* [DESCRIPTION OF THE TASK]
Here the job is to transcribe only the lines from the one containing "Seefor Yourself - Can't" through the last line below, exactly as written; please leave out pictures.

* [RECORDED DATA]
[Start of section]
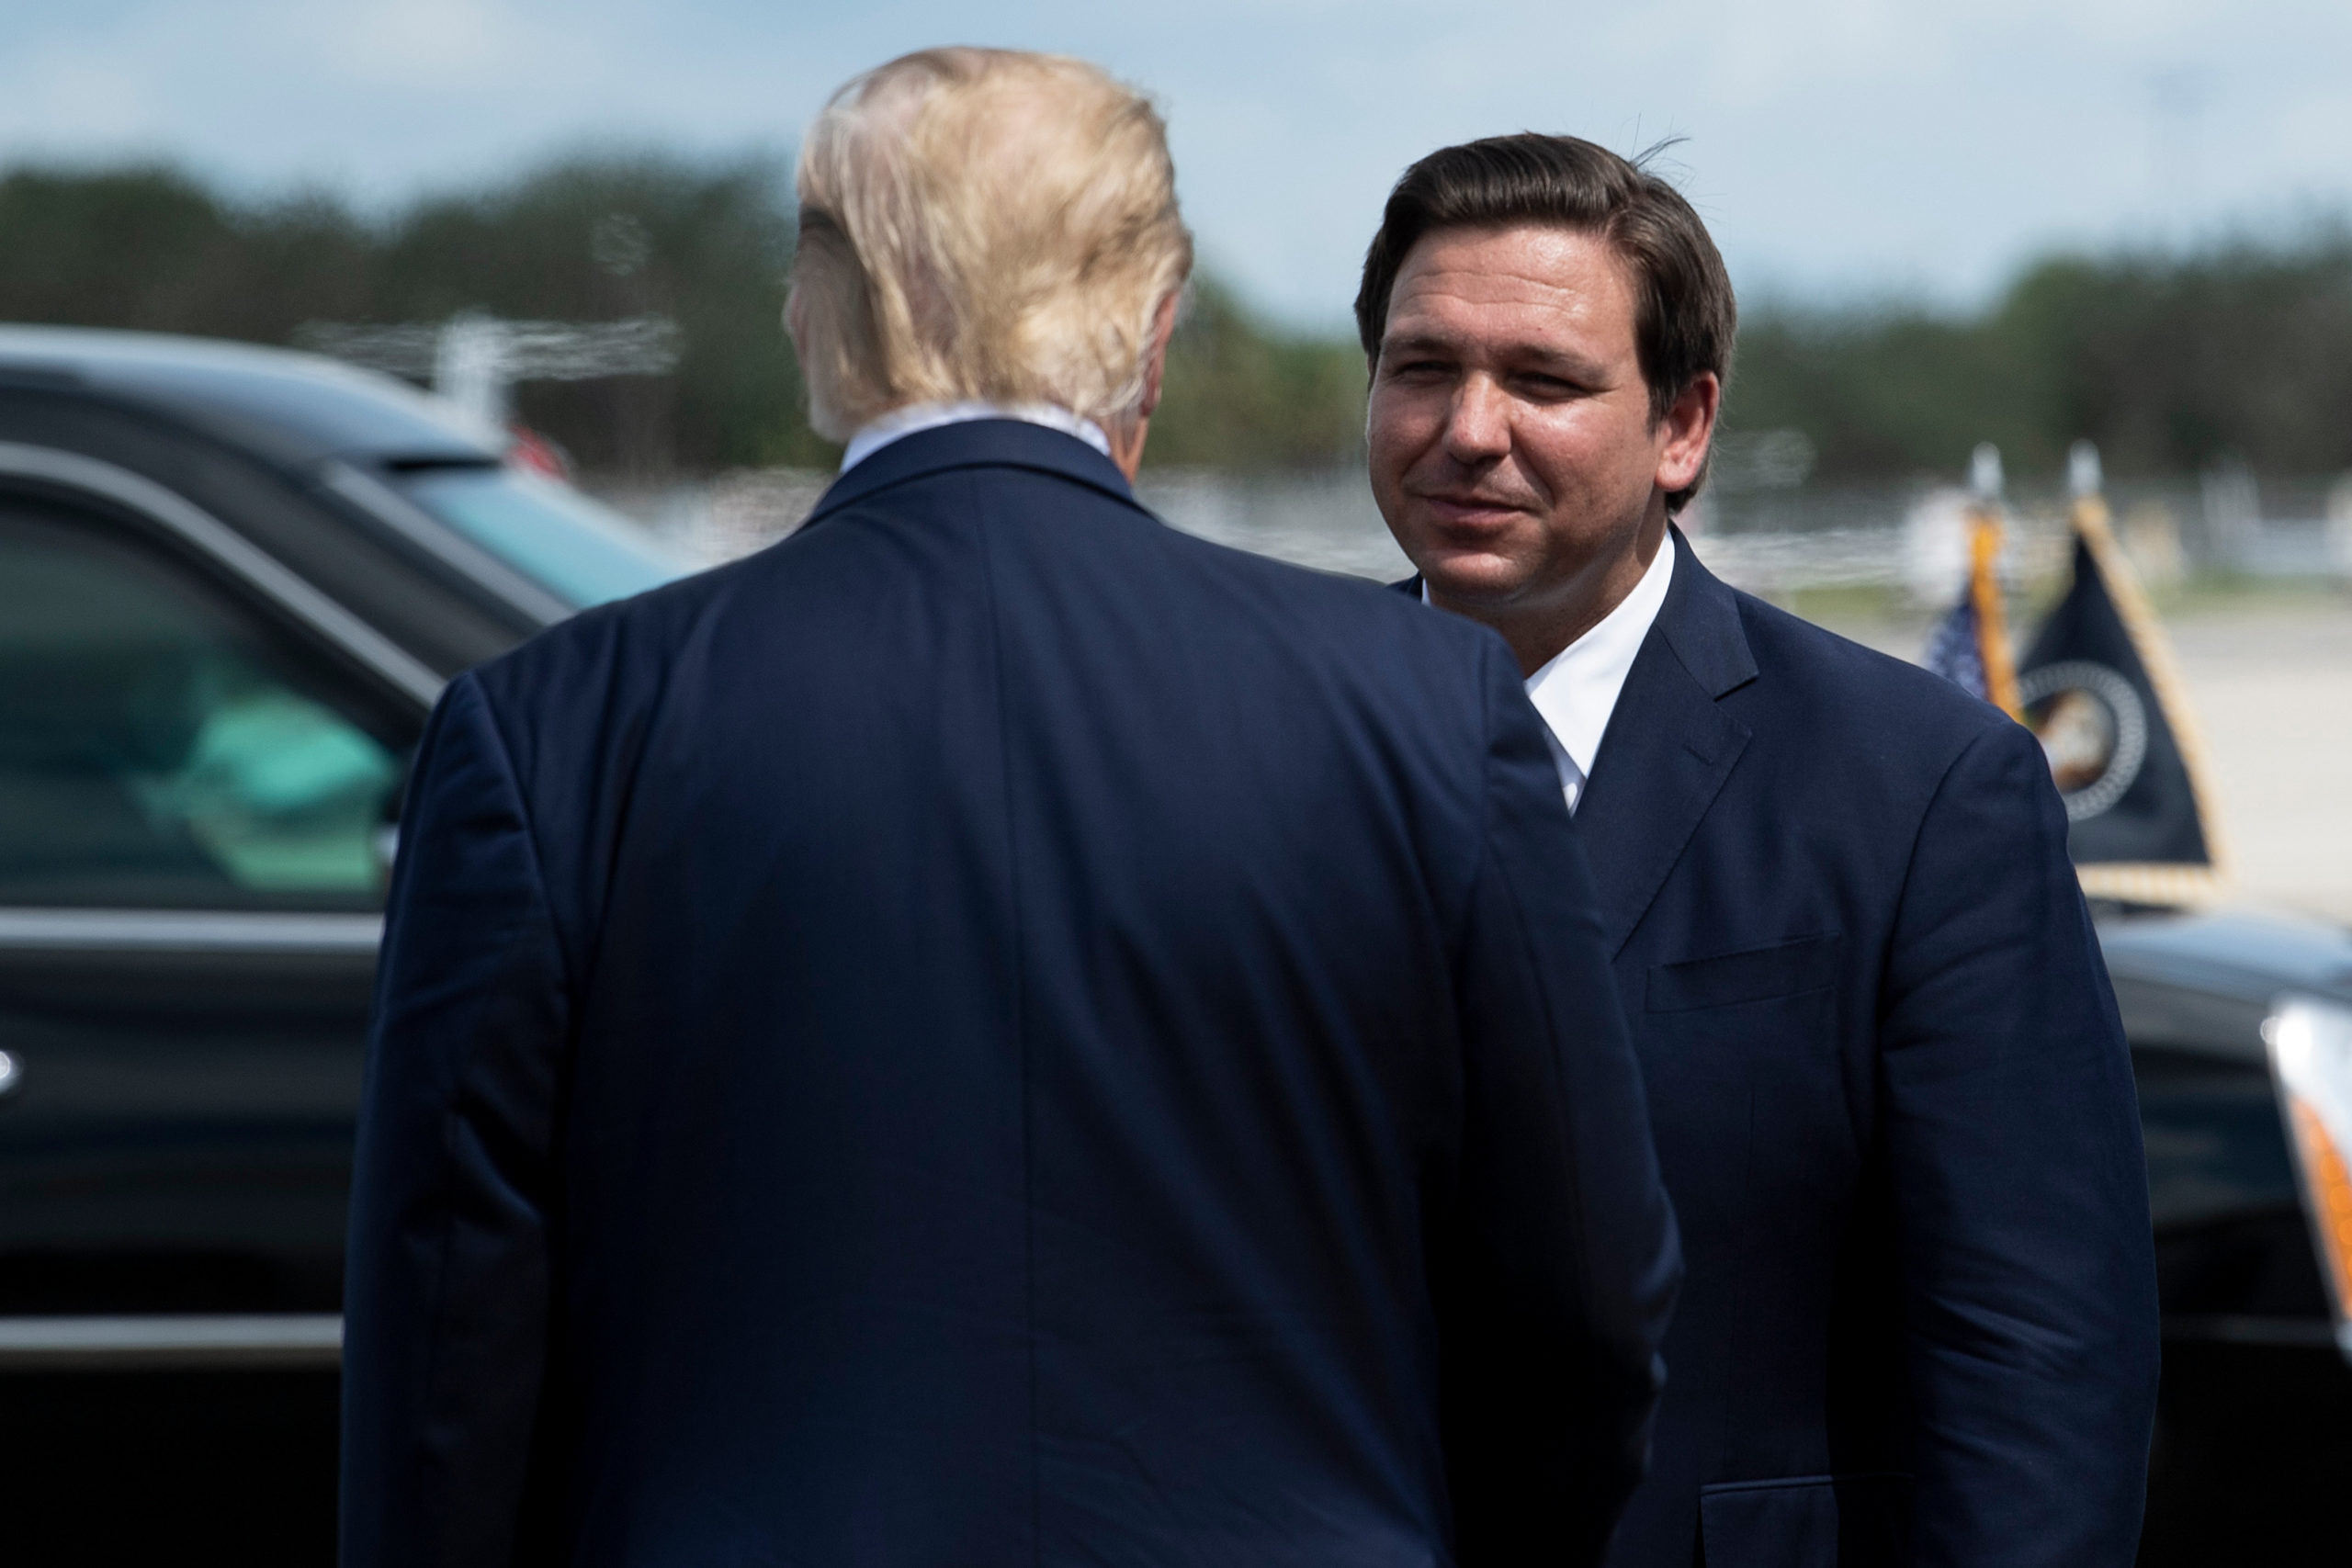 US President Donald Trump is greeted by Florida Governor Ron DeSantis at Southwest Florida International Airport October 16, 2020, in Fort Myers, Florida. 
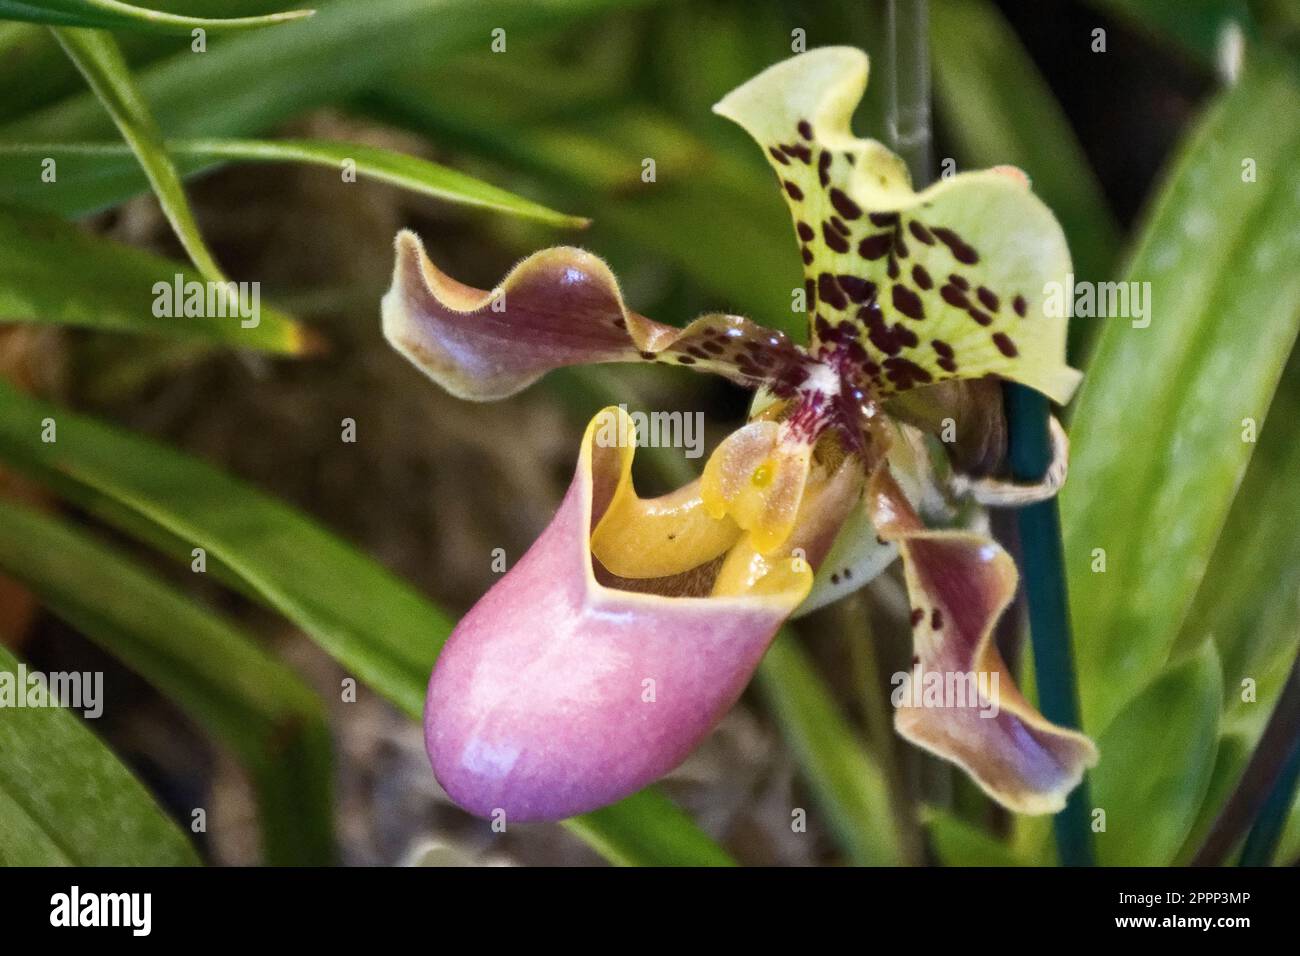 Tropical pink Papiopedilum orchid with yellow petal and green leaves, lady slipper orchid Stock Photo
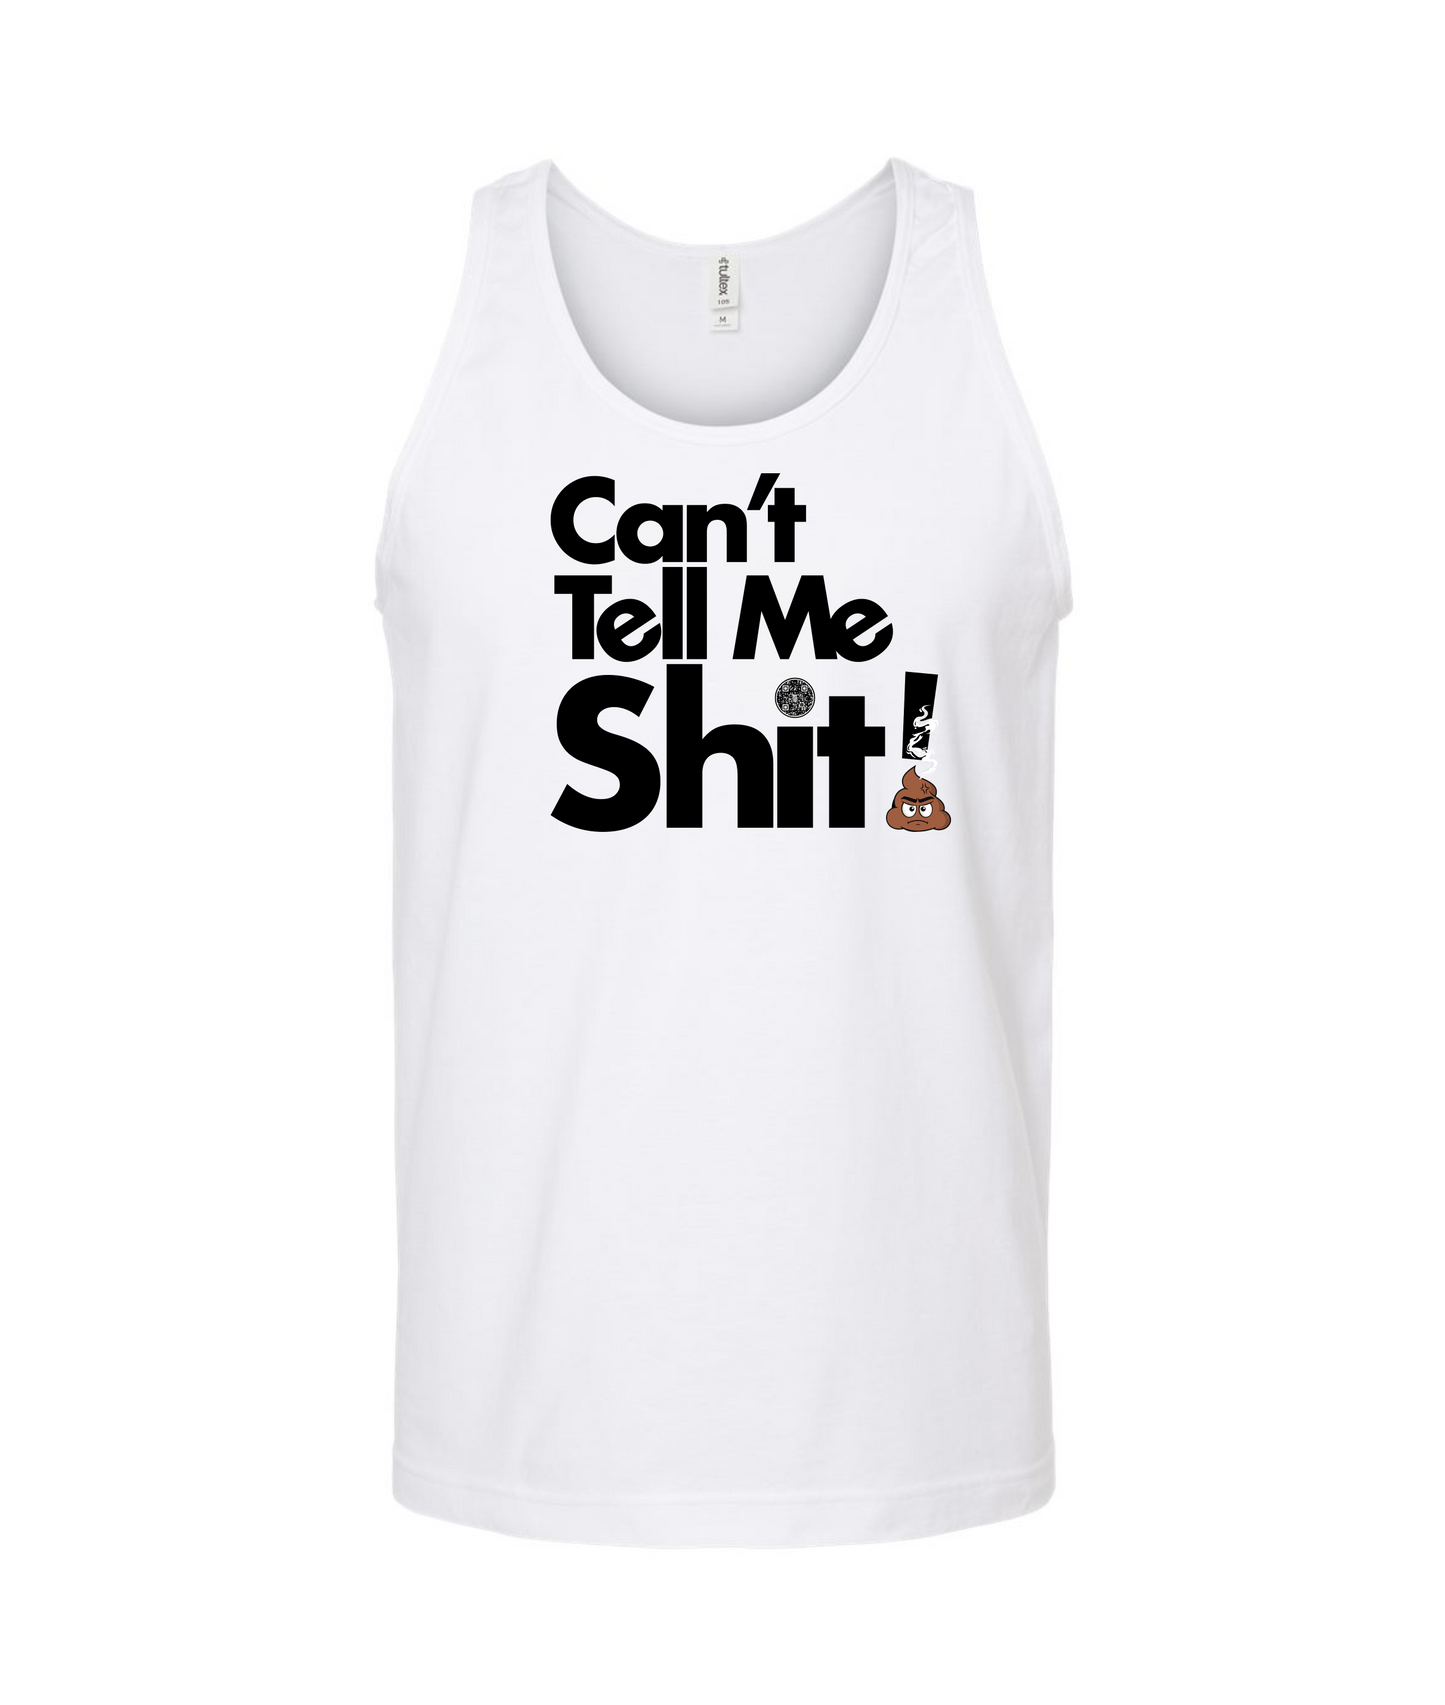 Seefor Yourself - Can't Tell Me Shit - White Tank Top
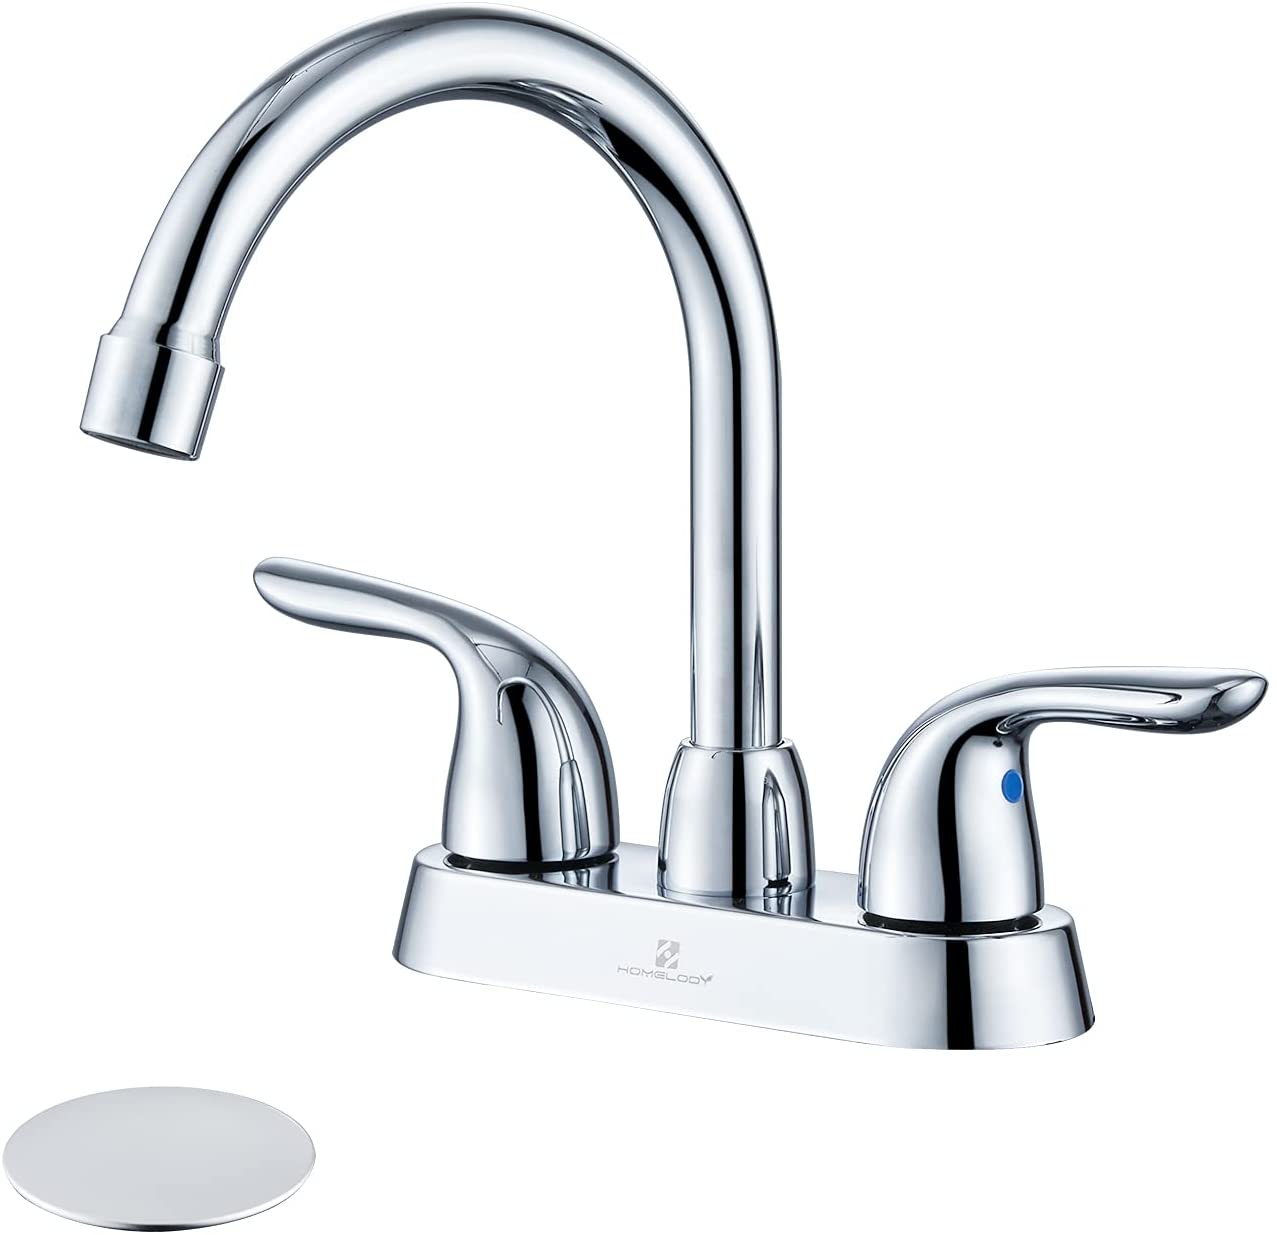 Homelody 4 Inch Centerset Bathroom Sink Faucet Chrome
[End of section]
* [TASK SOLUTION]
 Seefor Yourself - Can't Tell Me Shit - White Tank Top
 Homelody 4 Inch Centerset Bathroom Sink Faucet Chrome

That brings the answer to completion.